Other factors such as overseas expansion, its rapid growth within China and good relations with telecom operators, also contributed to its rise.
But none of the Top 10 smartphone makers rose as fast as Xiaomi. TrendForce bestowed the vendor, which sells its wares primarily over the Internet, with the top prize for cost-per-performance products.
Its devices are priced lower than similar offerings from its international competitors, while its modified Android-based user interface has garnered a loyal fan base both in and outside of the Mainland.
Since its rise in China during the latter half of 2011, Xiaomi has been able to more than double its growth each year.
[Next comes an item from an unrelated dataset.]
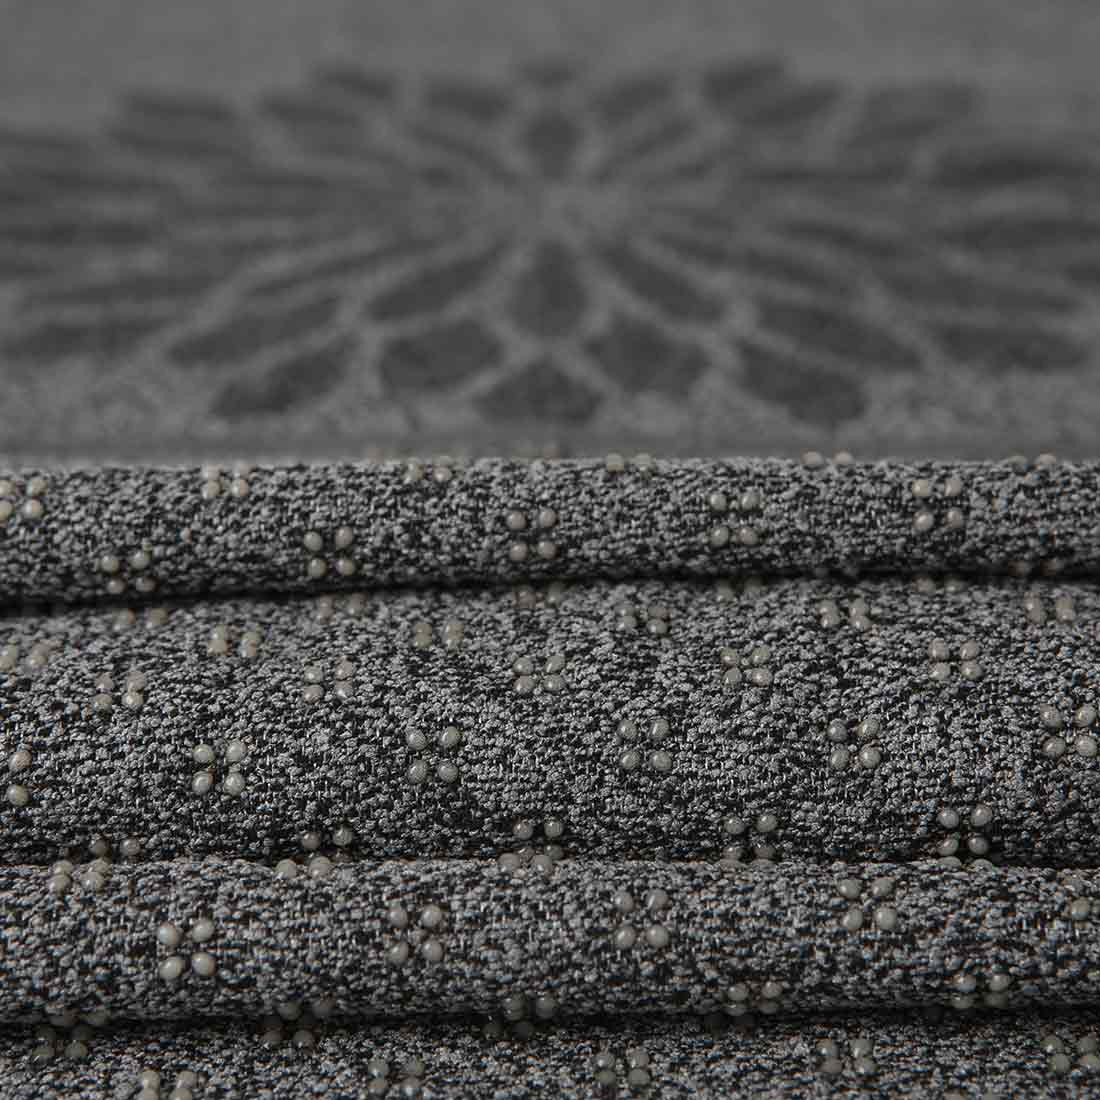 easyoga Titanium Yoga Mat Towel Plus 008 - A9 Dark M-Gray

In 2014, its annual shipment growth exceeded 200% with 60 million units shipped, and it even managed to, at one point, edge out China’s leading vendors Lenovo, Huawei and Samsung.
This was also the year that Xiaomi began its overseas expansion to countries like India, Indonesia and Malaysia.
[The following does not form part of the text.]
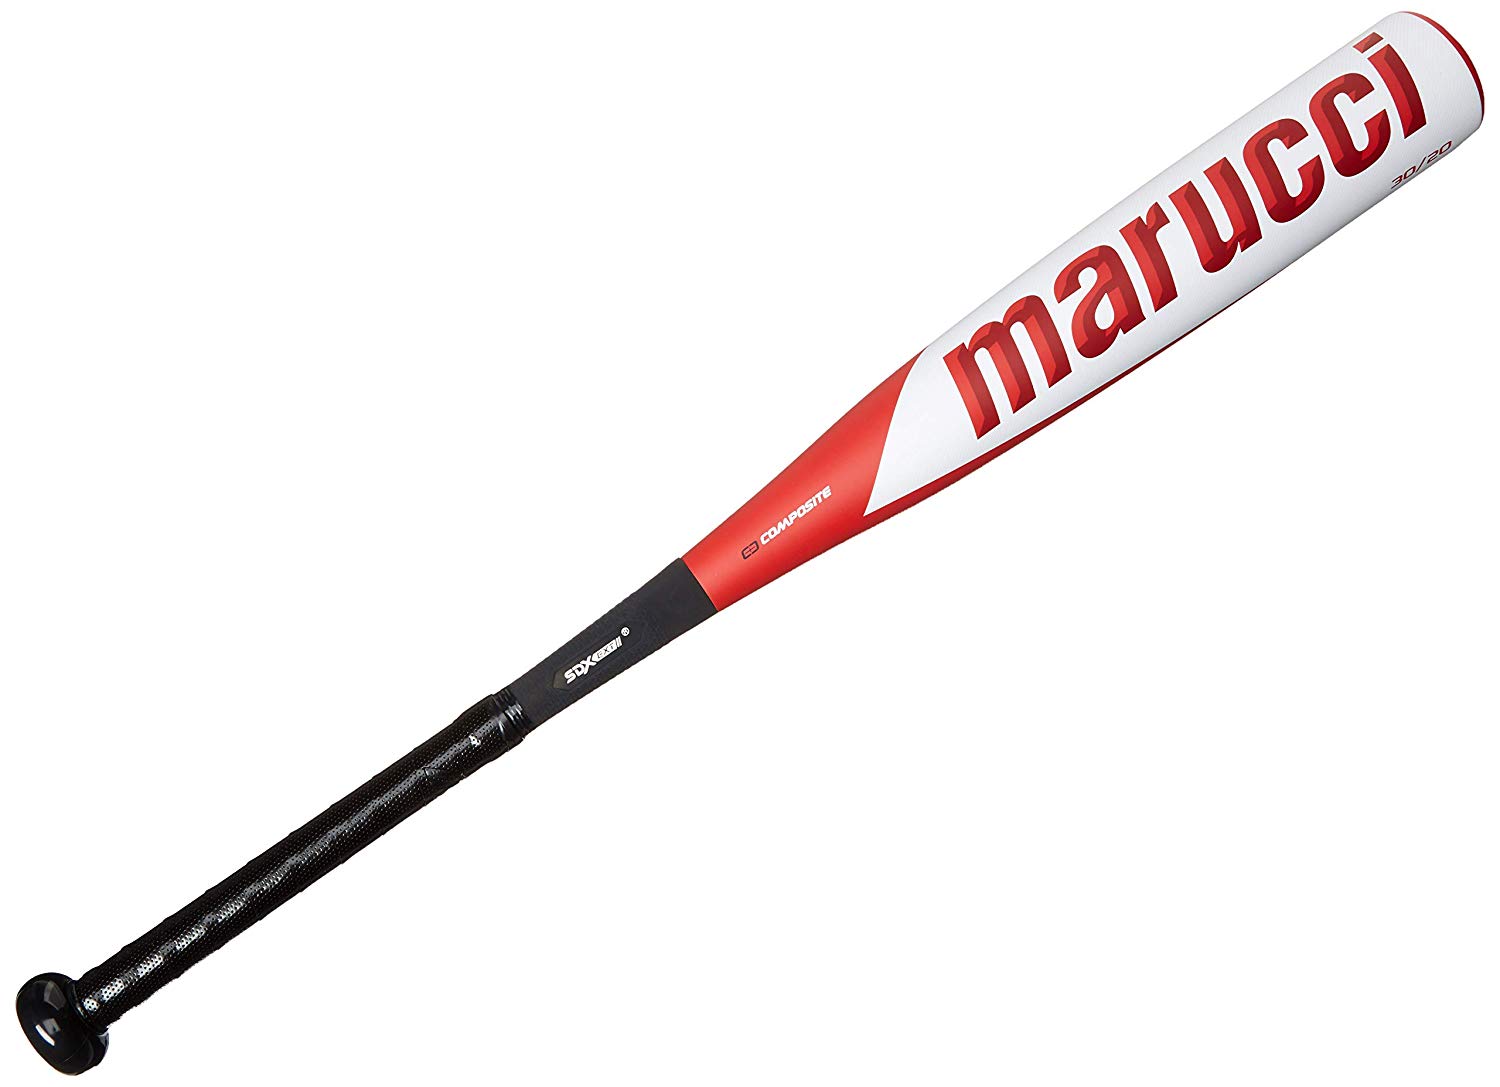 marucci-cat-composite-senior-league-baseball-bat-10-msbccp10-30-inch-20-oz MSBCCP10-3020 Marucci 849817068137 The CAT Composite -10 is a USSSA certified two-piece composite bat

The ‘dark horse’ in this list, according to TrendForce, is LG Electronics.
Even though the South Korean giant dropped two spots in the Top 10 list, it saw a 75.4% jump in shipments year-on-year, at 70 million units.
TrendForce analyst Avril Wu noted that LG’s strategy of “promoting high quality products at low prices” paid off with strong market reception to its flagship smartphone models, including the G3.
She Wu added that the 2K display on the G3 was a key success factor, saying “this showed LG’s advantage of having a display panel manufacturer under its wings.”
Yet, LG’s market share remained relatively flat at 6.1%, but it is still a far cry from the 4.3% it captured two years ago, when it first introduced the premium G series models.
Going forward, TrendForce believes that the continued uptake of 4G-enabled smartphones in China will be a strong factor in determining the winners this year.
Undoubtedly, the race (and race to the bottom in terms of price) will continue to be a hotly contested one.